Team USA got off to a fast start with an easy win over China.
Image: Getty Images

It’s obvious that the inclusion of the NHL at the 2022 Winter Olympics would’ve given a facelift to the United States men’s hockey roster competing in Beijing. Leaving Auston Matthews, Connor Hellebuyck and plenty of others at home takes away some of the best in the world. The Americans are far from the only ones with that problem. We’ll see a Connor McDavid-less Canada and a Russian team without Alex Ovechkin to name a pair.

Yet, the United States blasted host China 8-0 in its Olympic opener on Thursday, a team it should’ve shellacked. The Chinese only qualified for the 12-team tournament by being the host nation. Its team is ranked No. 32 in International Ice Hockey Federation Rankings. This collective of Americans have only known for about a month they’d be donning the red, white and blue nearly 7,000 miles from the East Coast. The ragtag nature of the Olympic team has brought together more than a dozen playing college hockey, several playing in a European professional league, a few from the American Hockey League, the NHL’s equivalent to Triple-A baseball, and one with previous Olympic experience in Brian O’Neill.

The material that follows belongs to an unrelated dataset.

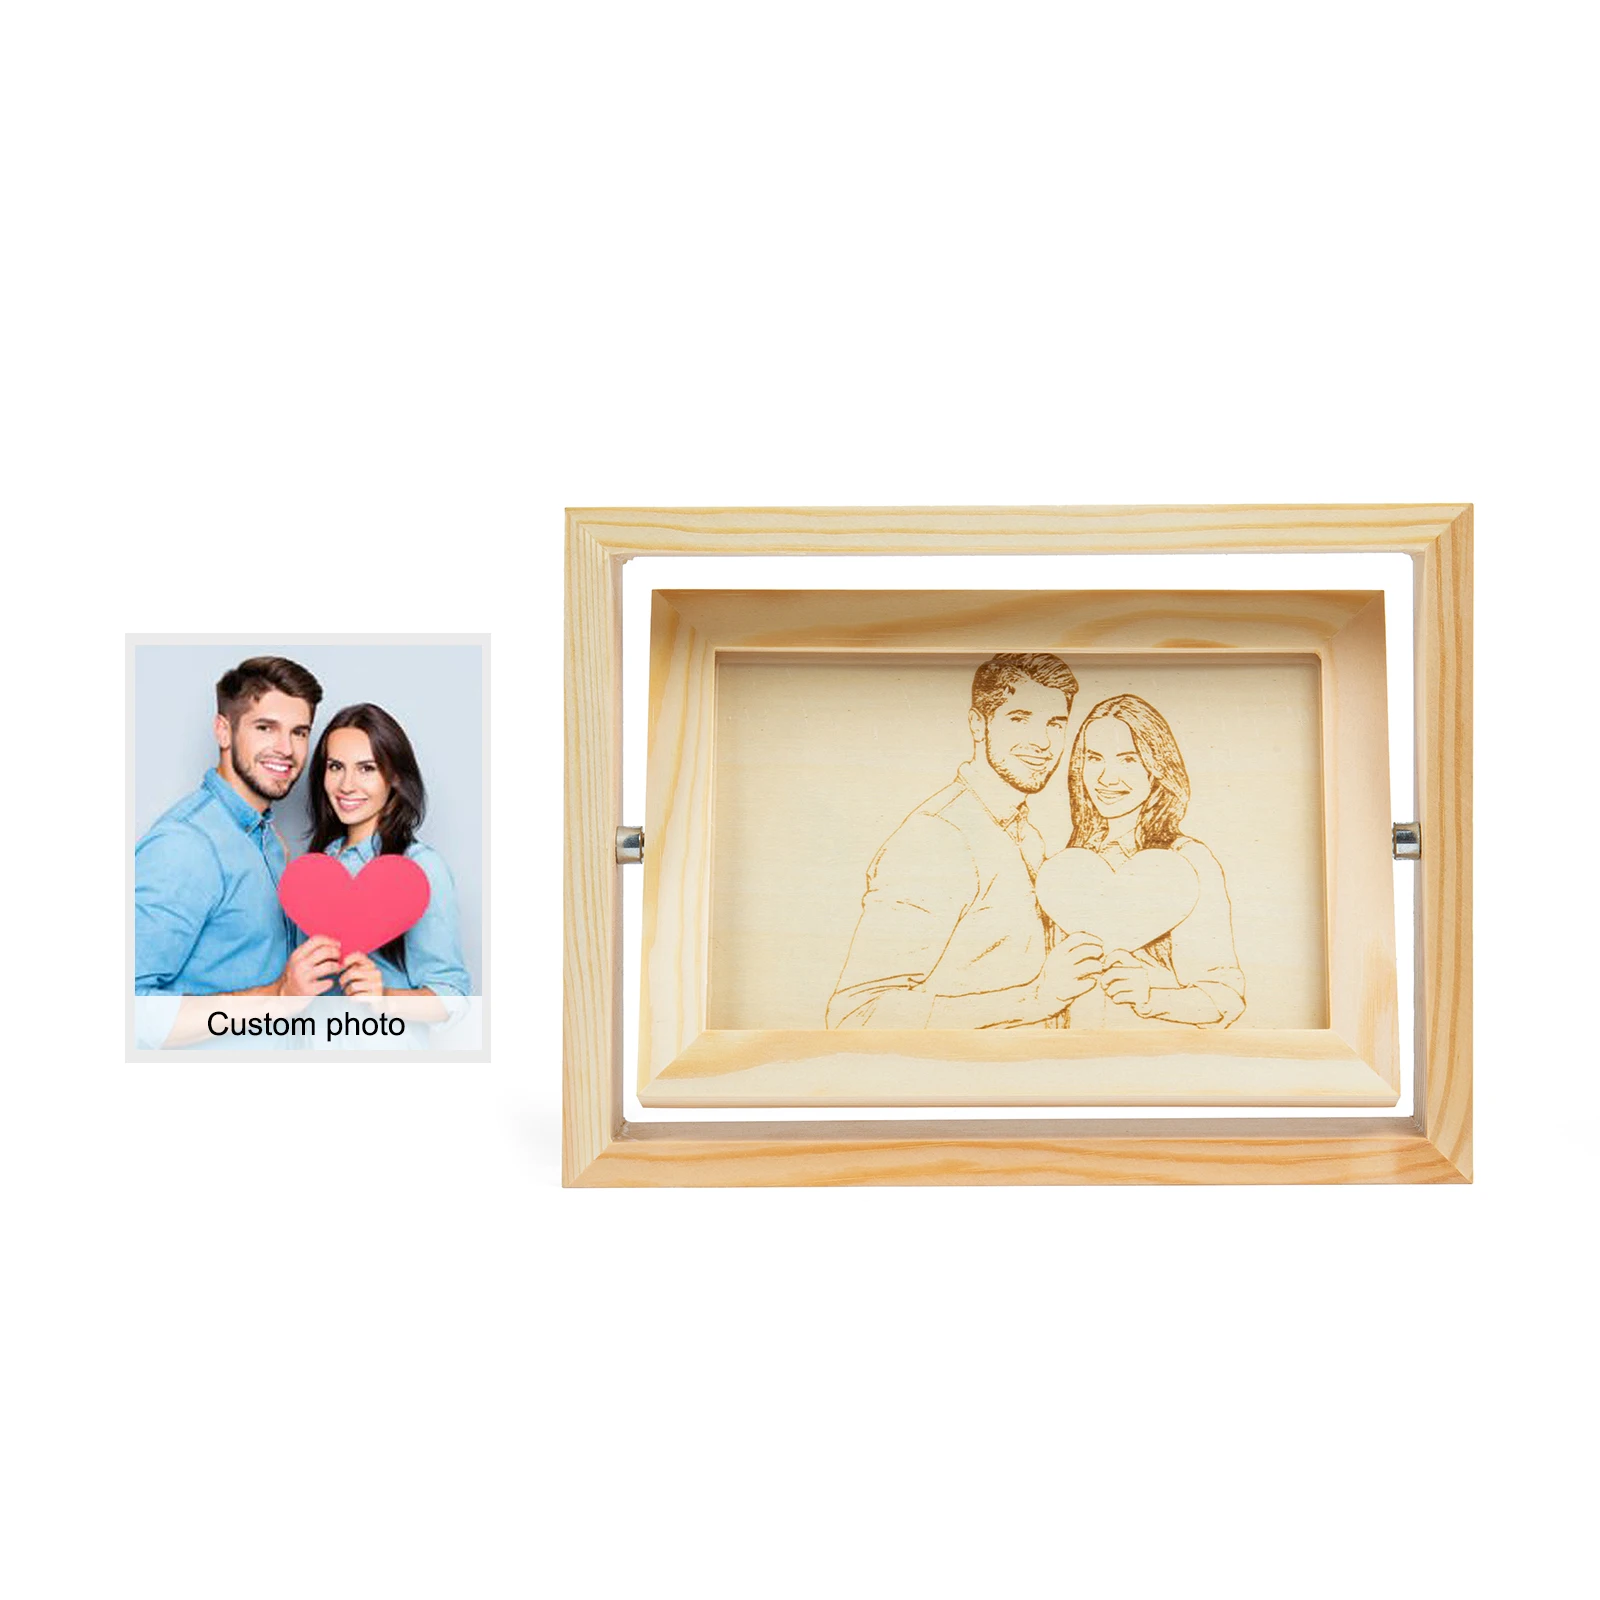 Personalized Wooden Custom Photo Frame Sketch Effect 5 Inches Desktop Ornament For Family Anniversary Birthday Decorations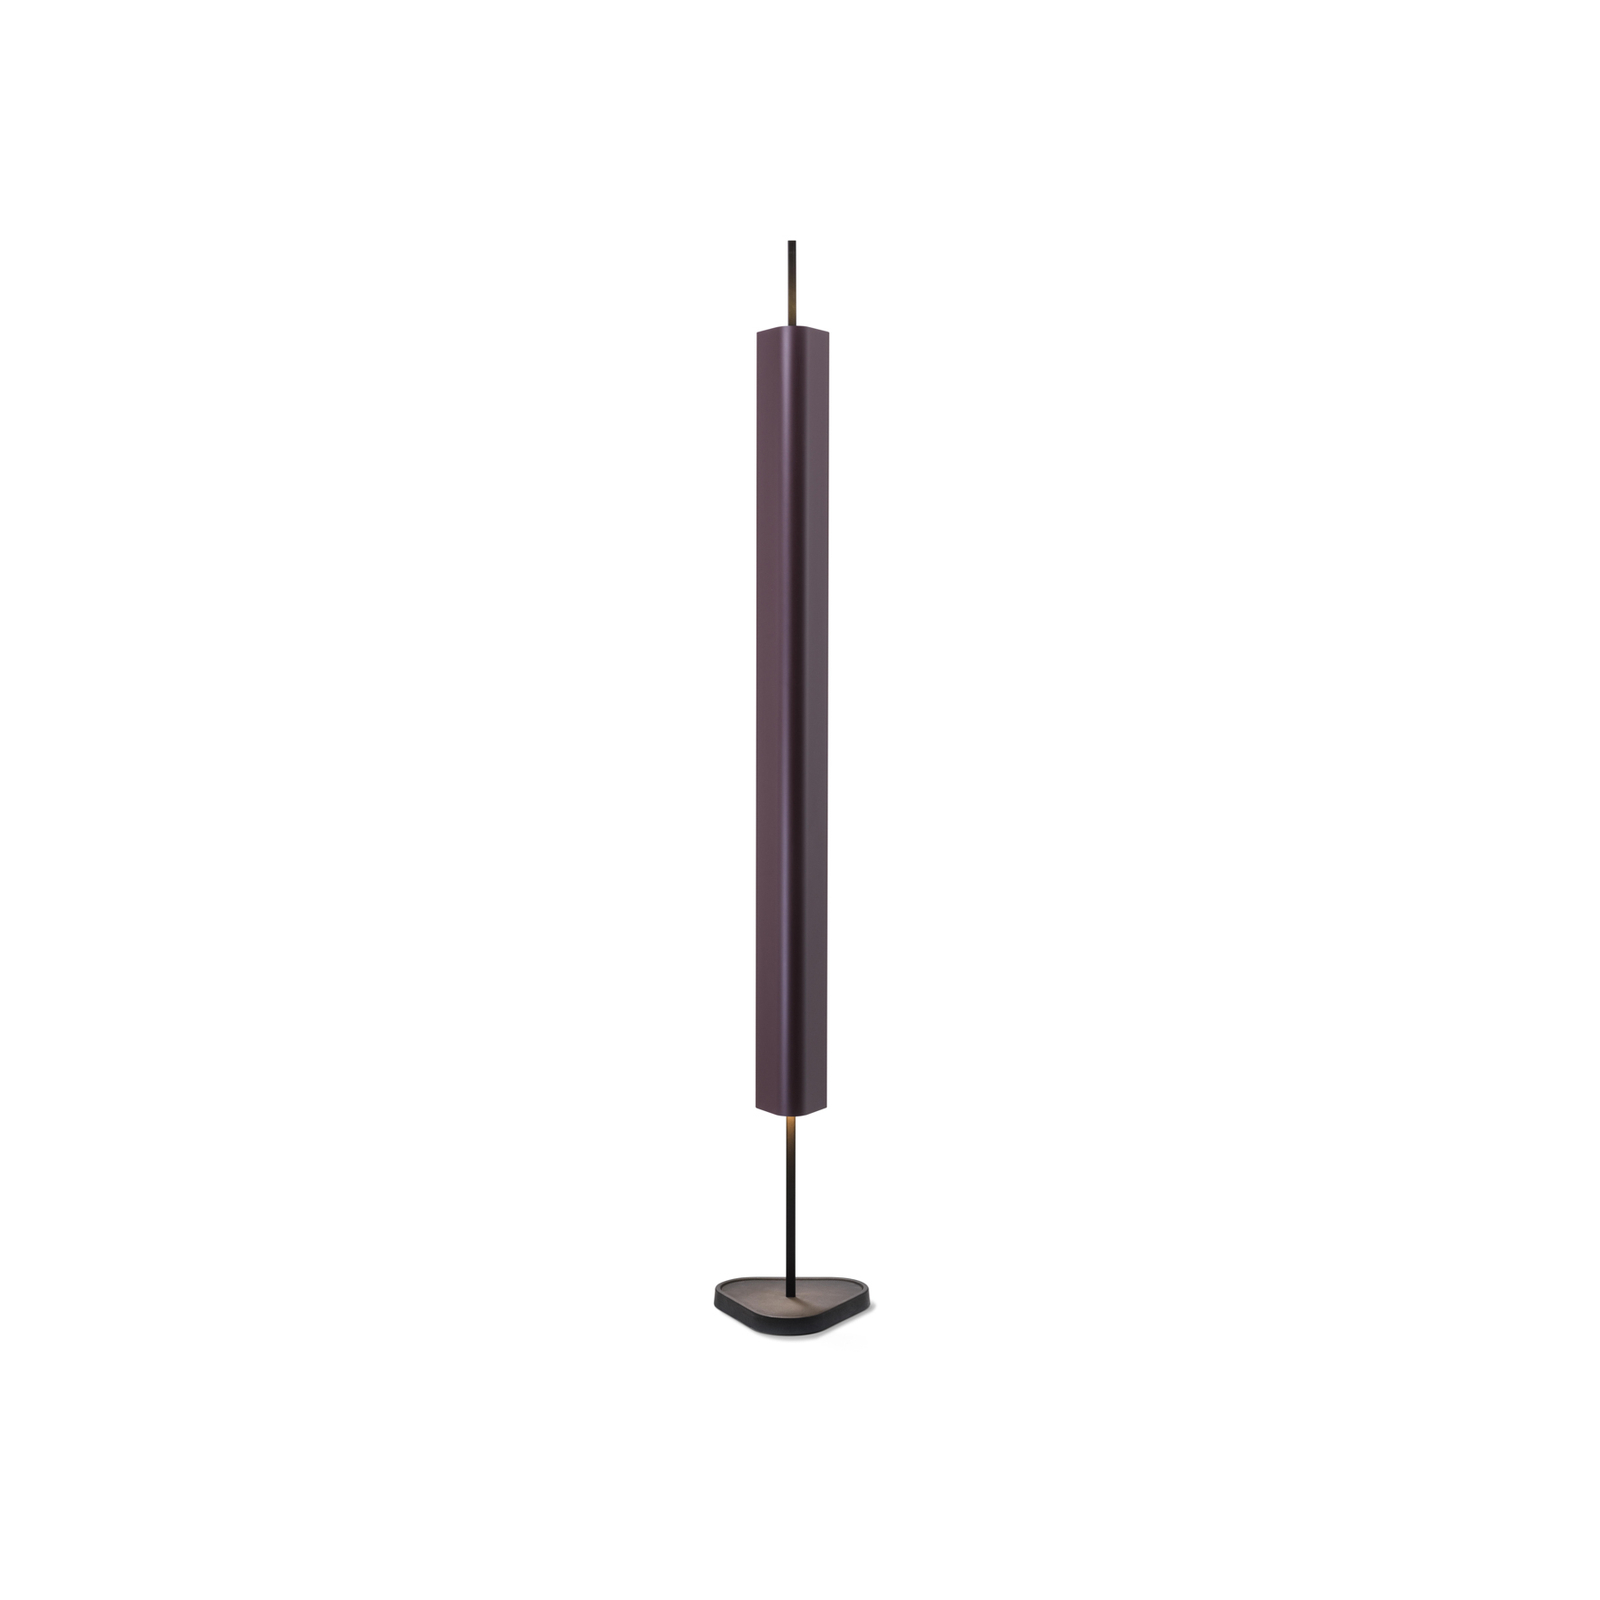 FLOS LED floor lamp Emi, dark red, dimmable, height 170 cm

Call Thursday a confidence-builder for all involved before any real adversity hits the Americans. Their Olympic opener had a slow start, scoring one first-period goal off the stick of Brendan Brisson, who plays at Michigan. Add three goals in the second and four in the final frame the U.S. found itself done with likely it’s easiest game in China. Despite the secondary nature of the American roster, this is a quality team. Many of the college athletes taking part are high-rated professional prospects.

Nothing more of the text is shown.